The special Perils extension under an assets insurance policy for instance covers damage by water but does not cover ‘gradual deterioration’ and insurers expect the insured to take all reasonable precautions for the ‘maintenance and safety of the property insured and for the minimisation of damage.’

“AMW risk is not deemed by insurers to be fortuitous. Unless the situation is brought under control the insurance sector understandably views the risk as being inevitable, i.e. it’s not a case of if it will happen, only of when.
“There are moves afoot to find answers to the problem. The South African Insurance Association (SAIA) has formed committees incorporating insurance specialists to discuss possible insurance solutions and reportedly Government and the insurance sector are examining the feasibility of a cell captive insurance structure which would underwrite the risks.

“The current plans also include a short term remedy to pump the water out and put it through treatments to make it useable again.

“Pending such measures however, it makes sense that those at risk think about the potential exposures and how to overcome and minimise them. In other words, everyone in an organisation needs to be aware of the exposures that they have to AMW and to risk manage to ensure business survival.
“Be aware that there is no cover for gradual pollution and that while there is cover for environmental liability, it’s restricted, it’s expensive and only on a spread loss basis under certain conditions.

“These exclude ‘pre-existing/intentional/fines and penalties/bankruptcy of insured’ and the insurers also have conditions of regular audits.

“Liability policies are on a loss occurrence or claims made basis. It’s therefore a question of checking whether cover is still in place, the insurer is still operating and that sufficient limits are in place. Also, statutory legal defense costs will possibly cover legal costs only, but not fines or penalties.
“The most promising solution is the formation of company cell captives as opposed to the SASRIA like structure we referred to earlier, which would presumably receive (compulsory?) contributions from corporates, but which is bound to be controversial and could have a lot of hurdles to overcome before it becomes a fact, if ever.
“Basically in terms of private cell captives, a company puts its capital at risk in the cell structure, thereby automatically creating a risk transfer. The cell captive operates as a cell of the insurance company accepting premium, paying claims, creating reserves, etc.
“Simply put, the company elects to retain additional risk and then provide for the exposure through the payment of a self-insurance premium.
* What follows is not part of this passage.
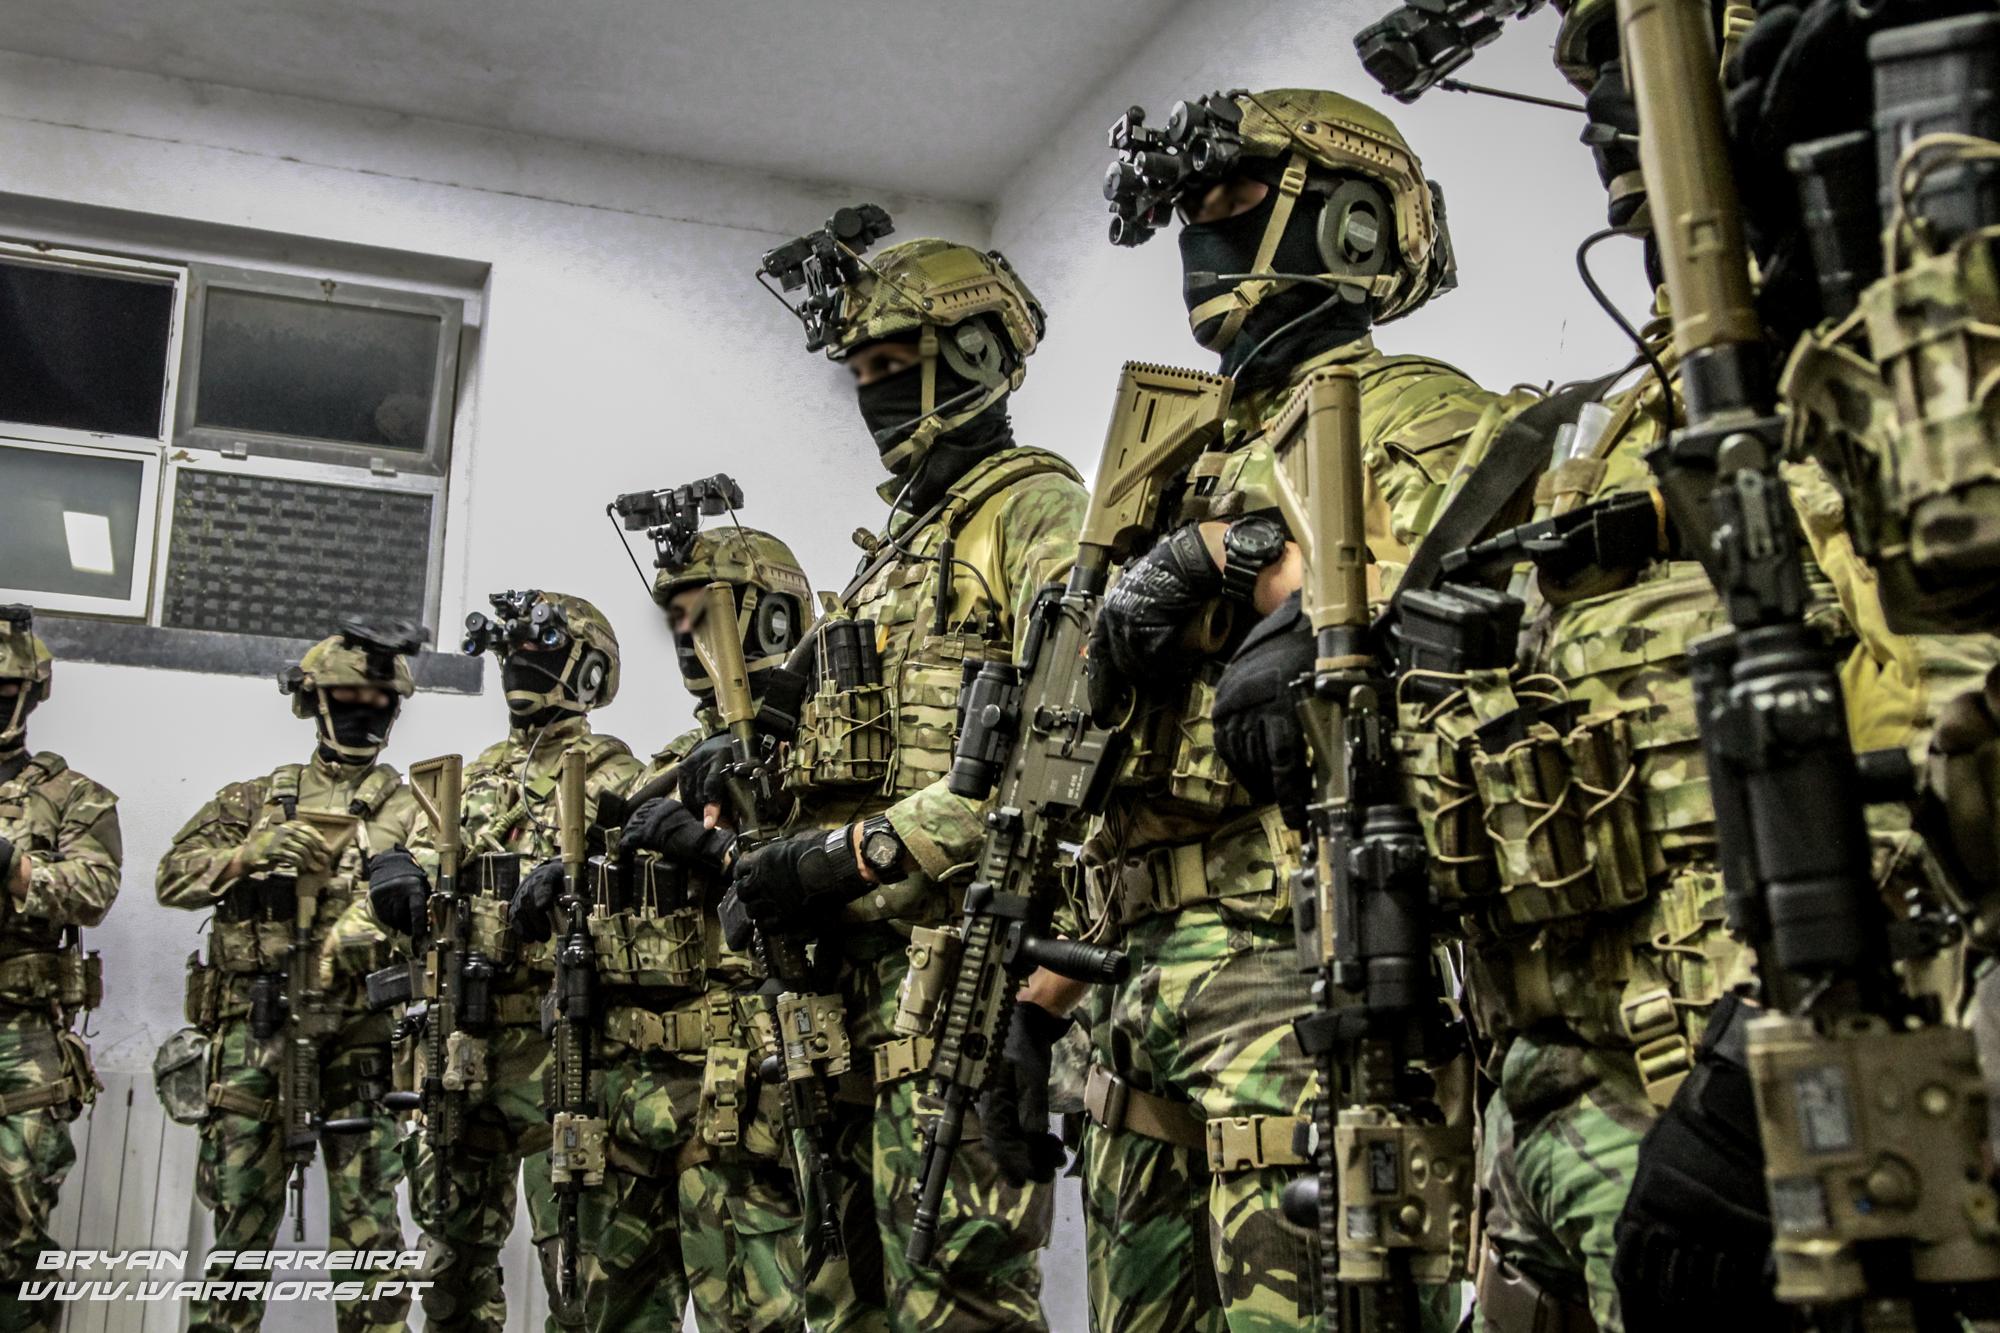 Elementos da Força de Operações Especiais (Army SOF) Portuguesa equipam-se para uma operação nocturna. Estam armados com espingardas de assalto HK416 e equipados com modernos equipamentos de combate nocturno

Risk in terms of the company’s own exposures and in terms of third party claims is retained but is transferred and a calculated amount of money is set aside to compensate for the potential future loss.

“The company is required to account for their investment in the cell captive and any increase or decrease in reserves will be reflected in their financial statements. The premiums into the cell captive qualify for tax deductibility.

“Self-Insurance Programmes of this nature have provided a key element of risk management for many years. However they are an option mainly for larger companies with adequate resources to set up such a structure.

“Smaller companies and individuals that could be impacted by AMW need to start devising and implementing practical risk management methods to manage the exposures. Also, smaller companies and larger ones for that matter could consider forming trust funds rather than cell captives to cater for expected costs in future.

“And everyone can learn from setting up business continuity plans to ensure that if a crisis arises, they already have a plan in place to overcome a catastrophic loss.

“Looking back, it’s alleged that there were inadequate disclosures, failures of treatment compliance and strategies for mitigating the damage arising from AMW. Attempting to obtain redress from any alleged historic wrong in this respect is almost futile.

“The issues are likely to be debated long and hard and may never be resolved. Self help on a case-by-case basis, premised on insurance and risk management offers the most workable solution.”